### Data block

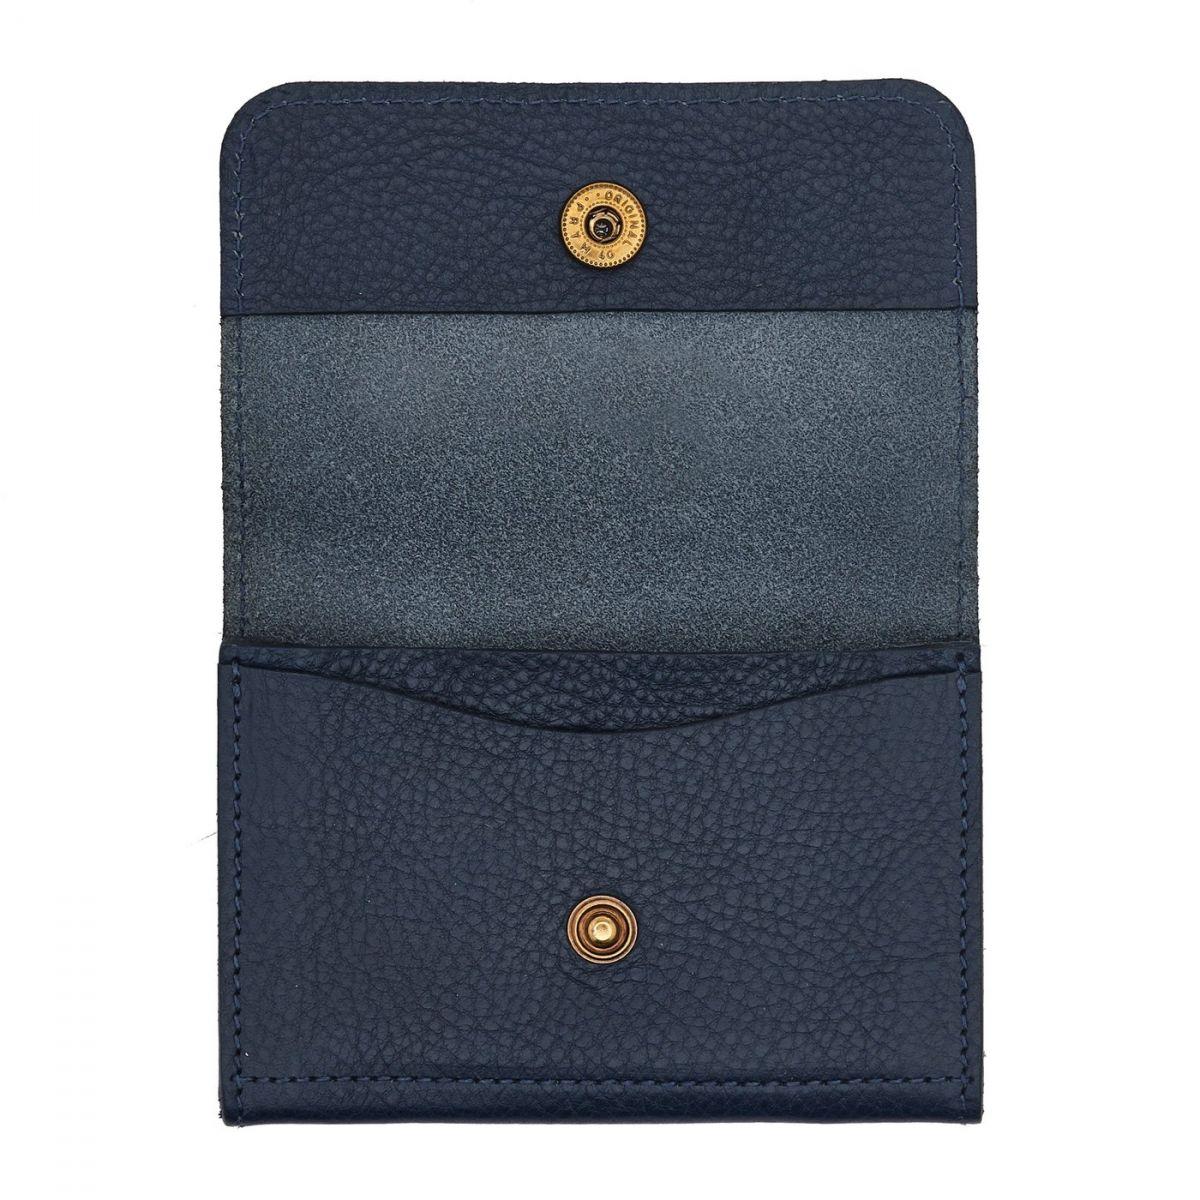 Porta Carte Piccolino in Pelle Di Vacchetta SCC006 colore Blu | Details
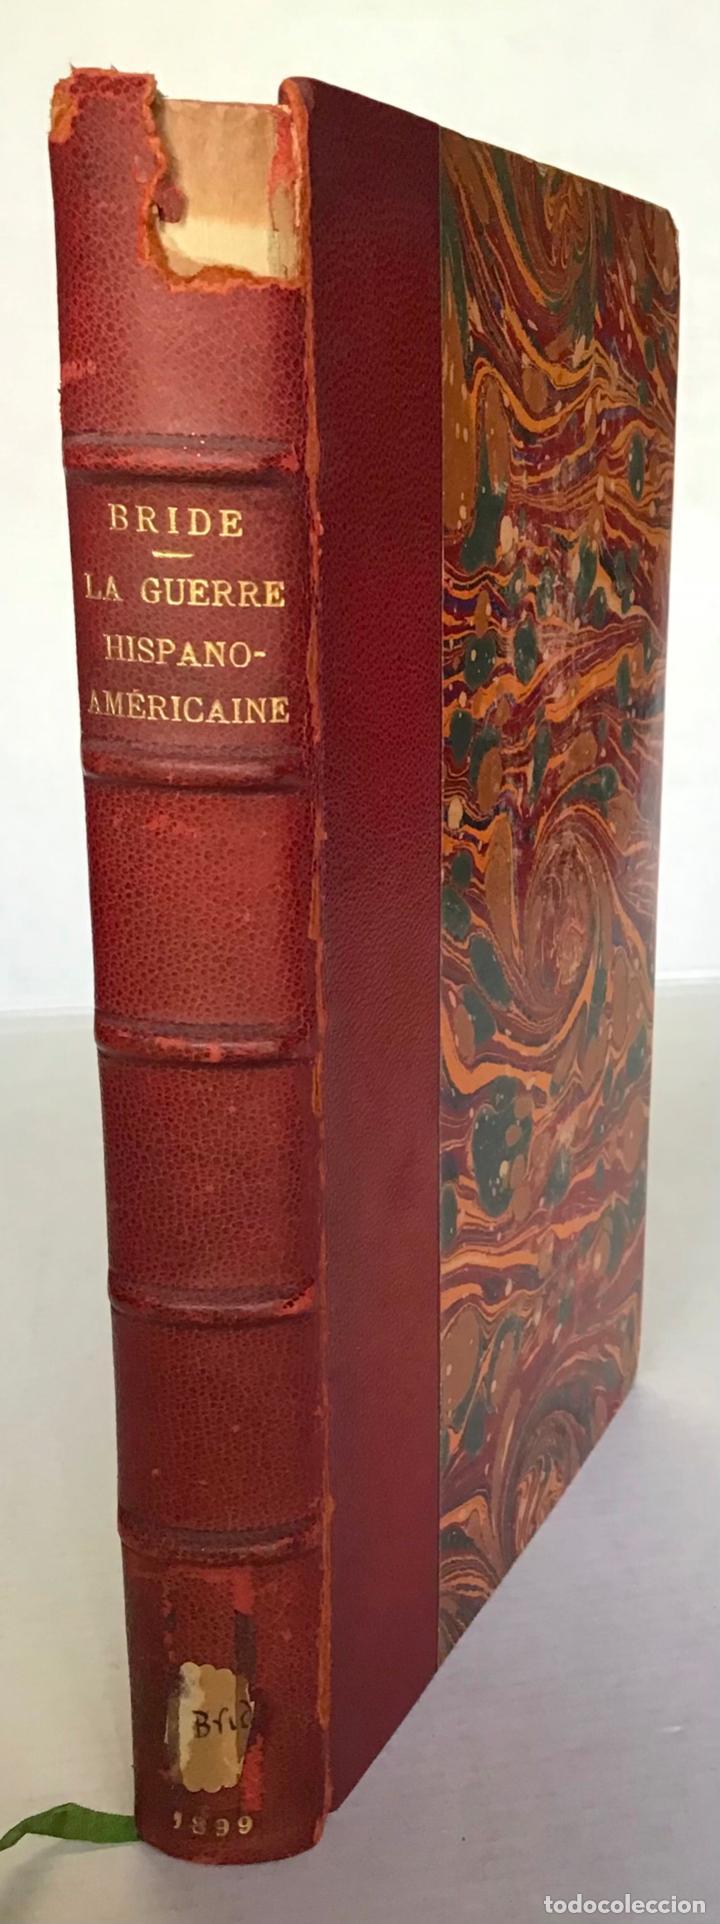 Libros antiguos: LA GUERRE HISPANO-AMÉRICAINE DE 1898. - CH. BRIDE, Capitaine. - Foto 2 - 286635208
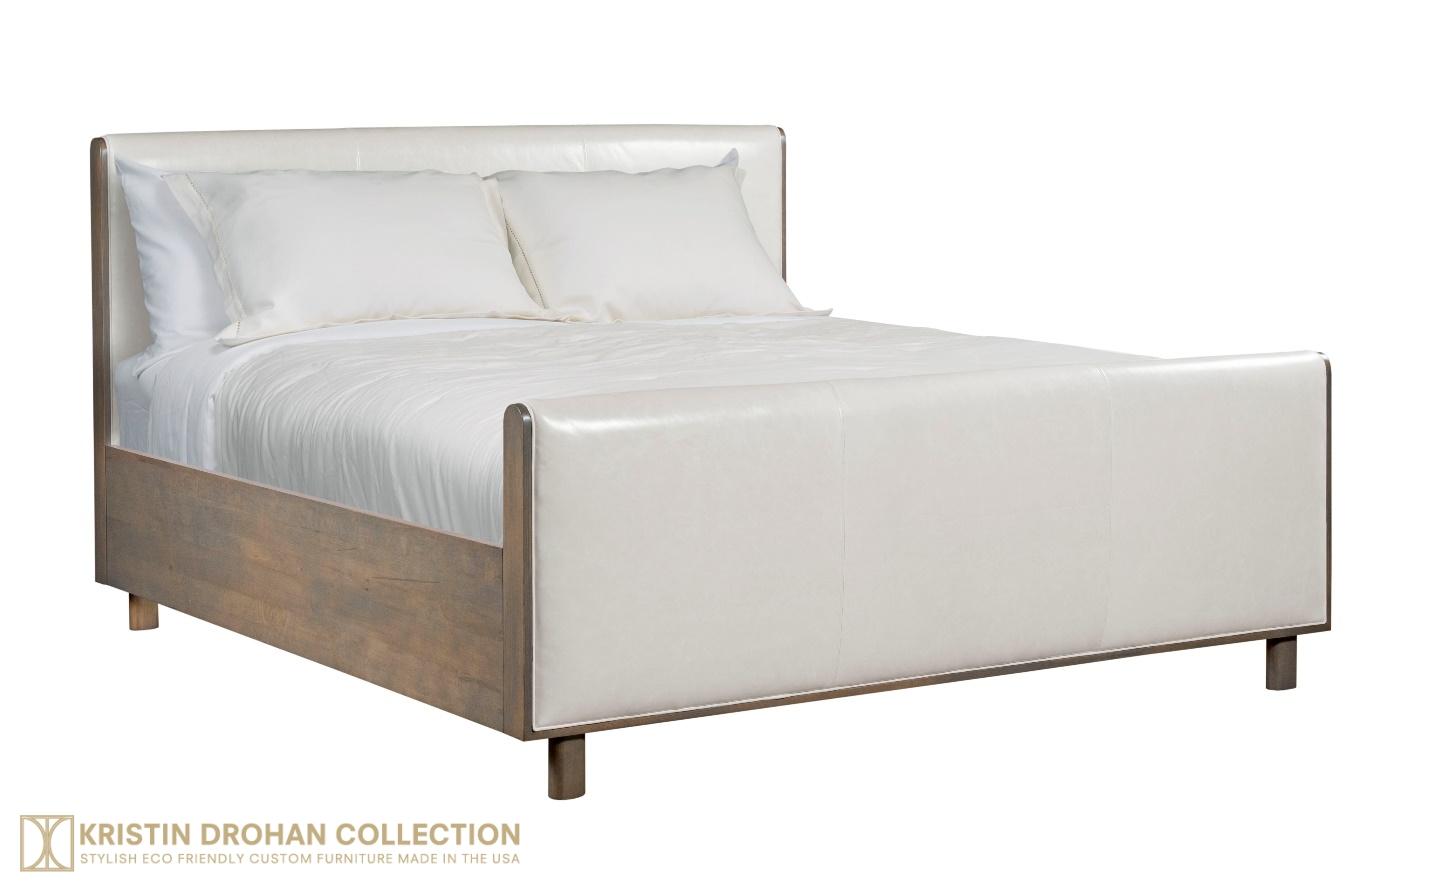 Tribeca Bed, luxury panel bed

### Problem details
When you repeat the material, keep every word exact and drop the pictures.

### Written response
 Porta Carte Piccolino in Pelle Di Vacchetta SCC006 colore Blu | Details
 Libros antiguos: LA GUERRE HISPANO-AMÉRICAINE DE 1898. - CH. BRIDE, Capitaine. - Foto 2 - 286635208
 Tribeca Bed, luxury panel bed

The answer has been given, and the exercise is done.